Очень многие могли сравнить это торжество срытия азовских укреплений, за которое было заплачено 100000 русских солдат, с торжеством Ништадтского мира при великом дяде и, сравнивая торжества, сравнить причины их. В манифесте о мире провозглашалось: «Война прекращена в благополучный мир... Чрез оный мир границы наши таким образом распространены, что они уже претерпенным доныне самовольным набегам и разорениям более подвержены не будут, но в потребную безопасность приведены; прежние известного несчастливого Прутского трактата кондиции вовсе уничтожены, и государство наше от таких весьма обидных, предосудительных и бесславных обязательств освобождено». Но многие могли не понимать, каким образом границы распространены так, что татары не могут более в них вторгаться; многие знали, что кондиции Прутского трактата не вовсе уничтожены. Во время фейерверка на Неве горели слова: «Безопасность империи возвращена», но уже было известно, что Порта заключает союз с Швециею, а Швеция грозит войною России. После мирных торжеств весною того же года велено было все крепости, и особенно остзейские, в надлежащую исправность и оборону приводить с возможным поспешением. Было известно, что Франция подняла в Швеции антирусскую партию, и в то же время Франция посредничала при заключении мира России с Портою, и в Петербурге на придворном балу по случаю мирного торжества видели давно небывалое здесь лицо: открывал бал менуэтом с цесаревною Елисаветою Петровною французский посол маркиз Шетарди, который во время польской войны так сильно действовал в Берлине против России. Его ждали с нетерпением в Петербурге, надеялись, что с его приездом разъяснится дело и Россия успокоится насчет Швеции, но живой, ловкий, любезный маркиз относительно дел политических хранит упорное молчание. Зачем же приехал Шетарди в Россию?

Французский агент Лалли в записке своей о положении России, поданной кардиналу Флери, говорил: «Я не могу дать более простой и в то же время более верной идеи о России, как сравнив ее с ребенком, который оставался в утробе матери гораздо долее обыкновенного срока, рос там в продолжение нескольких лети, вышед наконец на свет, открывает глаза, протягивает руки и ноги, но не умеет ими пользоваться; чувствует свои силы, но не знает, какое сделать из них употребление. Нет ничего удивительного, что народ в таком состоянии допускает управлять собою первому встречному. Немцы (если можно так назвать сборище датчан, пруссаков, вестфальцев, голштинцев, ливонцев и курляндцев) были этими первыми встречными.

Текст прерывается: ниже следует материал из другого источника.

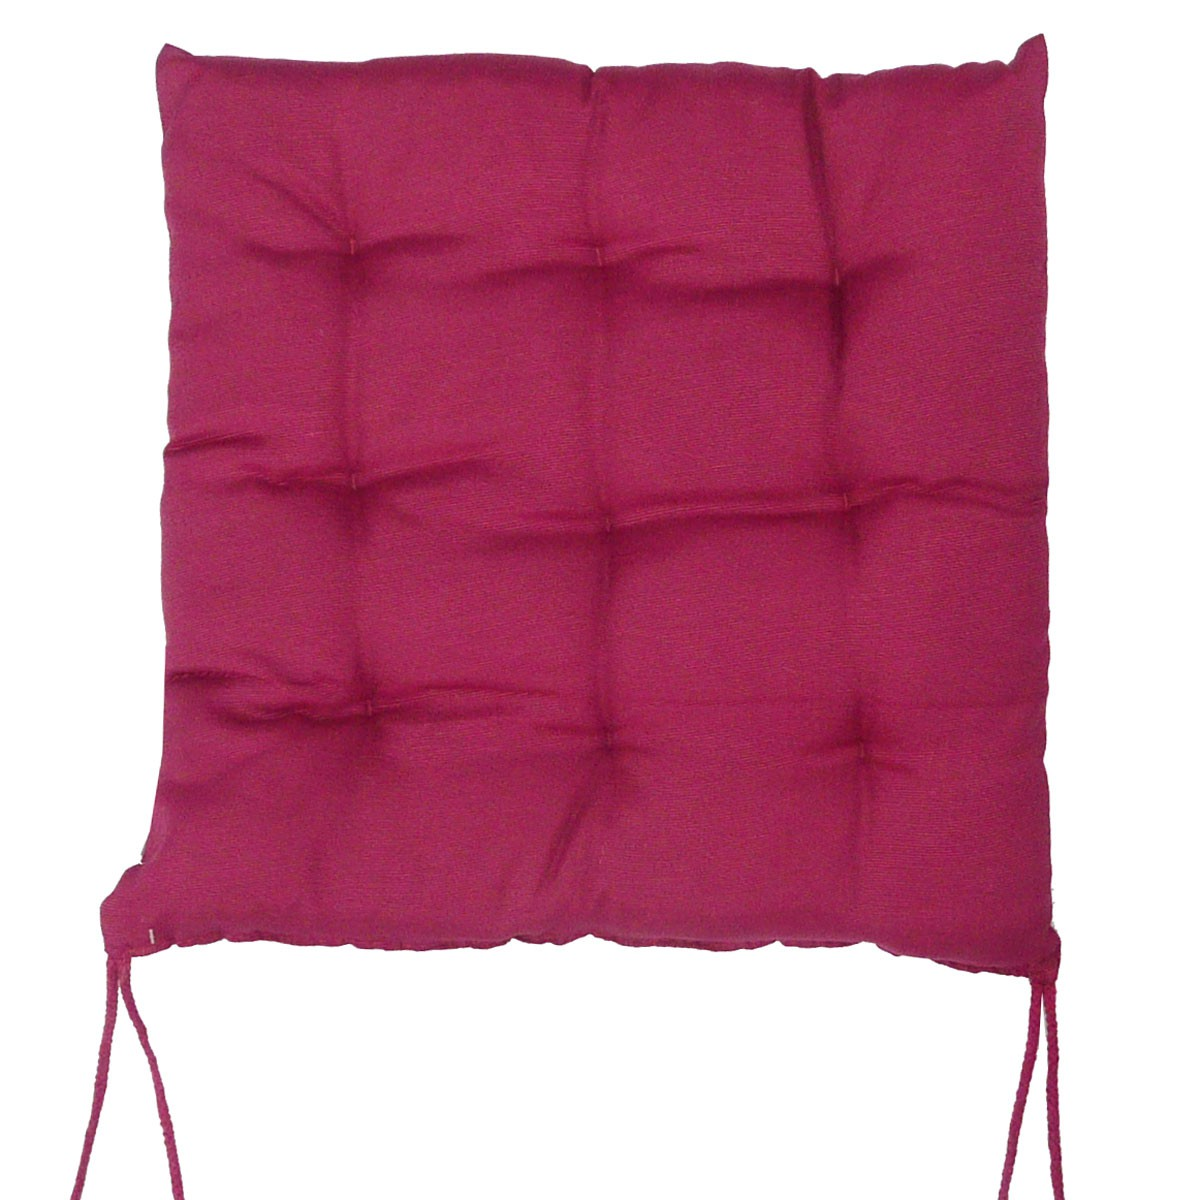 stuhlkissen rib optik mit 4 kordelb ndern 40x40x4cm kirschrot wohntextilien kissen stuhlkissen. Black Bedroom Furniture Sets. Home Design Ideas

Венский двор умел воспользоваться таким положением нации, и можно сказать, что он управлял петербургским двором с самого восшествия на престол нынешней царицы». Лалли оканчивает свою записку так: «Россия подвержена столь быстрым и столь чрезвычайным переворотам, что выгоды Франции требуют необходимо иметь лицо, которое бы готово было извлечь из того выгоды для своего государя».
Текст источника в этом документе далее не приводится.